Six years out of competition, my subconscious is using the simplicity of track against me. “Remember this?” it roars, in the form of the fuzzy, nostalgic wash of Massachusetts winters. “Remember when success was clear-cut, and you’d figure out whether you’d succeeded that week in less than two and a half minutes?” Little did I know, half my life ago, when I started running competitively, that this sport would rattle my psyche well into adulthood.

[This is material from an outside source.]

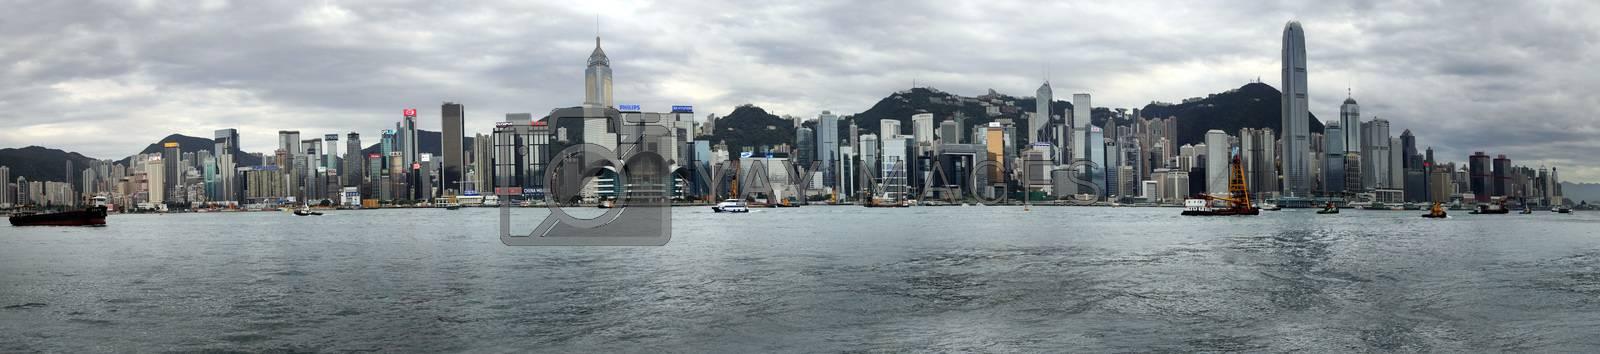 Hong Kong by friday

Now I’m approaching 30, and measurements of real-life success couldn’t resemble a track PR any less. What is success, even? Having a job that satisfies me, one that pays well, or one that does both? Is it having a stable relationship, or a solid friend group, or Twitter likes? Is it a 401(k), or a Roth IRA, or, at the very least, being able to articulate the difference between those two things? Is quantifiable success achievable when I sort of have all of the above things, or just half of them at 100 percent? The answer, of course: No such recipe exists. But that realization hasn’t quite clicked yet with my dream-state self.
I guess somewhere, deep down, I probably miss the candor of working my entire body to its limits, when it felt like every organ in my body was about to fall out of my butt. You know, when things were easy.